There’s another interesting observation to address. In several instances, the video capture reflects 90 real frames rendered per second as the software tool shows frame times exceeding 11ms. How is that possible, when we’re taught work on a frame has to be completed in less than 11ms to appear during the subsequent scan? In all actuality, the envelope can expand/contract due to preemption/parallelization done by the VR runtime. Oculus' adaptive queue ahead feature is designed to facilitate this, so an 11ms cut-off is not absolute, though it’s generally true. In short, optimizations are not enough to keep you from dropping frames if you render at >11ms for an extended period of time.
The next two charts break down the composition of each 90 FPS run. In the last one (hardware capture), Nvidia’s scripts report 1964 dropped frames. In reality, asynchronous spacewarp is active when the 1070 isn’t able to render 90 real frames per second. But that’s not apparent in a recorded video, so we end up with lots of red. Data analyzed by the FCAT VR Capture tool can convey this information, though. As a result, the chart corresponding to software capture tells us only 12 frames were dropped, while 1952 were synthesized.
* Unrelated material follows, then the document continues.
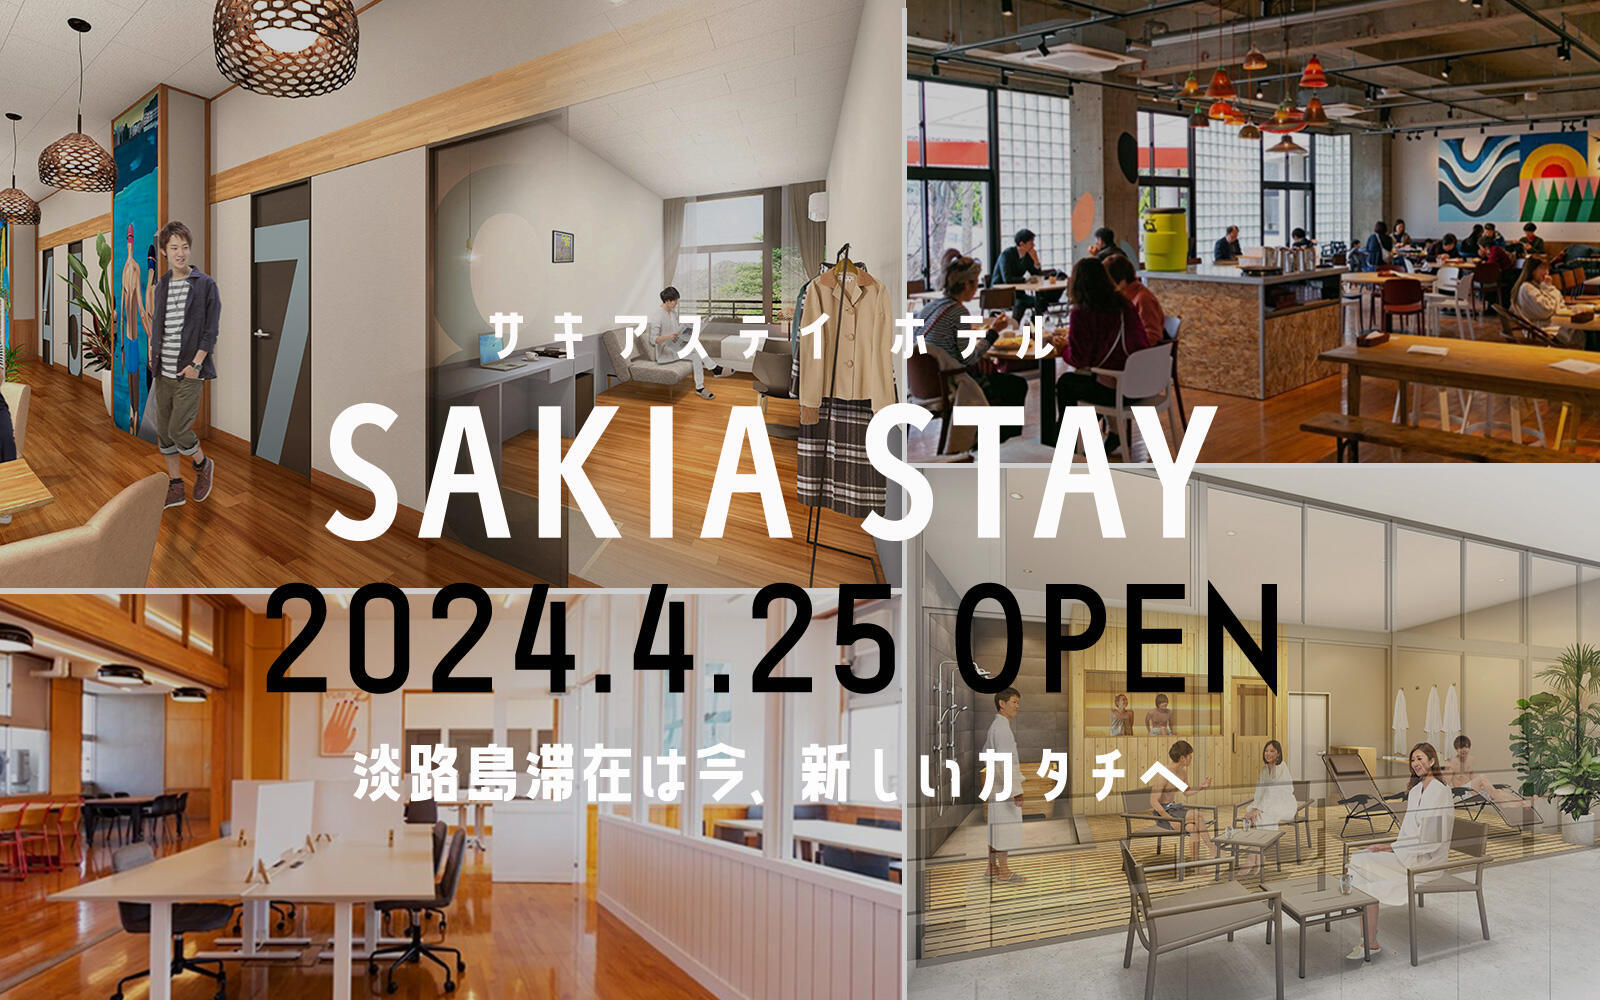 淡路島滞在は今、新しいカタチへ。旧小学校リノベーションの複合施設SAKIAにホテル「SAKIA STAY」が2024年4月25日オープン！予約受付中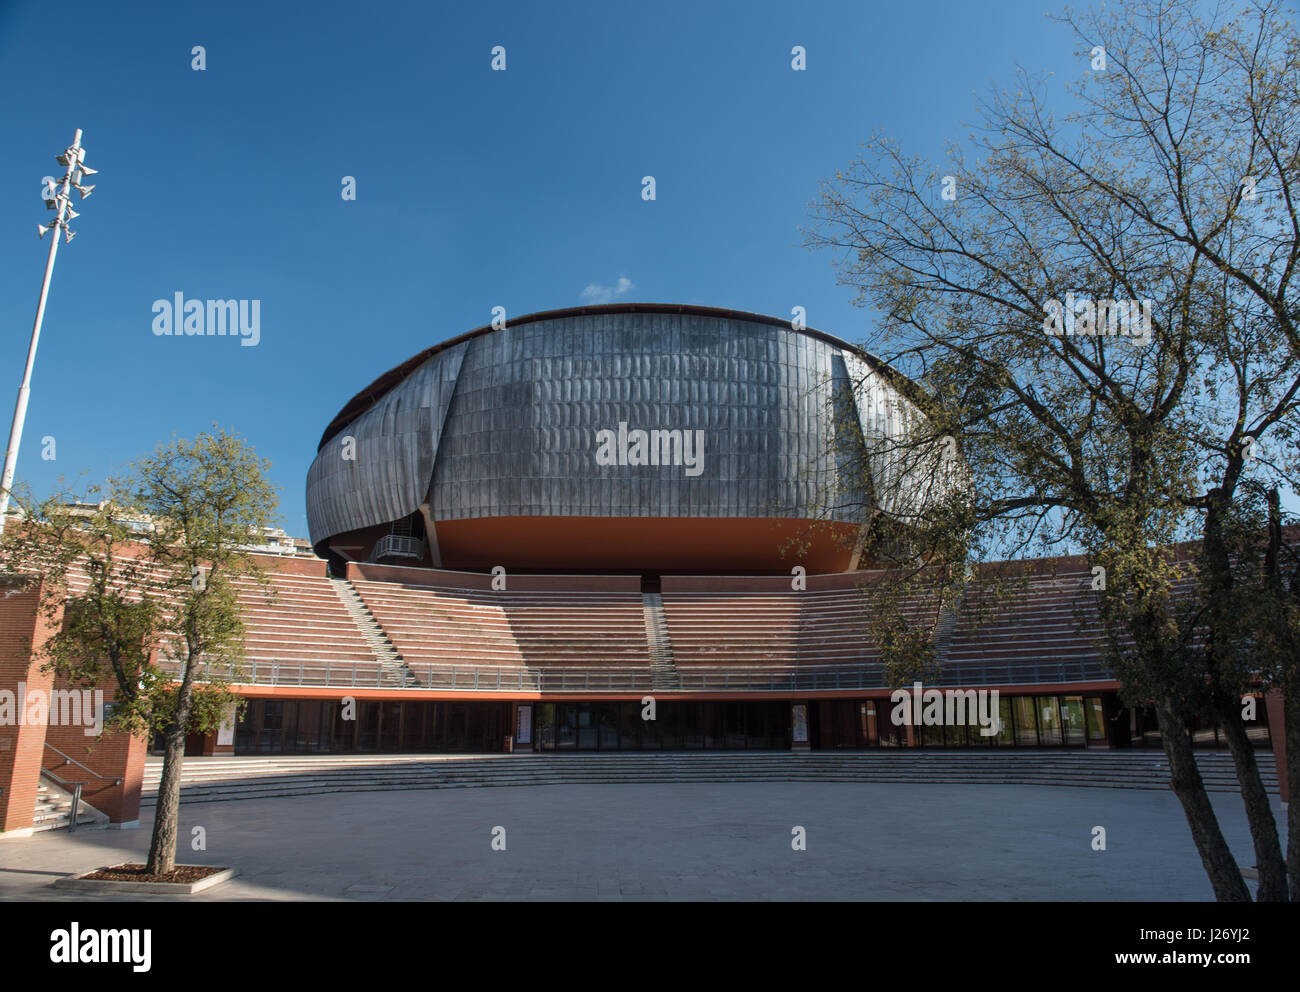 Auditorium Parco della Musica, outdoor moderna architettura paesaggistica struttura teatro e cavea esterna vista dall'ingresso Foto Stock

The introduction of asynchronous spacewarp bumped the Rift’s minimum graphics specification down to a GeForce GTX 960, but Chronos’ Epic detail preset demonstrates how taxing VR workloads need more than just a mainstream GPU.
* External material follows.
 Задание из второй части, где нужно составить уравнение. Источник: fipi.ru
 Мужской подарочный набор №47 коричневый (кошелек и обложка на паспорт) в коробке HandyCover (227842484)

Our hardware-based capture system reflects an almost-constant 22ms frame time. Were it not for warping, this would be a fairly abysmal VR experience. The stats tell us we generated 3616 new frames through the run and dropped 3626 frames. That slightly-higher-than 1:1 ratio of dropped to real frames is likely due to the four spikes up to 33ms and subsequent dips to 11ms.
Picking through the software capture tells us that the frames originally reported as dropped by a video sequence were in fact synthesized frames, generated by ASW. The stats spit back 3685 new frames and 3695 synthesized ones. One question remains unanswered for us here: if ASW generates extrapolated frames using previous real frames, how does the technology operate in situations where the frame rate drops below 45? Does it simply extrapolate based on an extrapolation? This isn’t the most extreme example we've seen of Nvidia’s tool reporting more synthesized than real frames. We'll address the question in more depth shortly, and present a potential answer.
Hardware Vs. Software: It Works
The real purpose of this first look at FCAT VR is to test the relationship between hardware-based capture and Nvidia’s FCAT VR Capture tool.
We now have the infrastructure in place to intercept and record a 2160x1200 signal at 90 Hz, analyze the output, and chart it just as we did during the days of Challenging FPS: Testing SLI And CrossFire Using Video Capture. Nvidia knows this methodology is expensive and time-consuming, though. So it developed software to make VR benchmarking more accessible.
By instead tapping into telemetry data exposed to developers by Oculus’ runtime and SteamVR, Nvidia’s FCAT VR Capture application facilitates Fraps-like recording of several different statistics, which can be analyzed and charted through a Python-based Analyzer GUI.
Anyone could have accessed this information previously. In fact, we have an unpublished story in our CMS from last year extensively measuring graphics performance on the Vive. But we uncovered so many issues that changed with each subsequent driver update that it was never possible to push the piece live before its findings were rendered obsolete. Eventually we shelved it. The point is that Nvidia isn’t presenting anything you couldn’t get at yourself, given the time and effort. By making the tool available publicly, the technical community has an opportunity to dissect it. And by facilitating a comparison to hardware-based capture, we can verify agreement between the two metrics.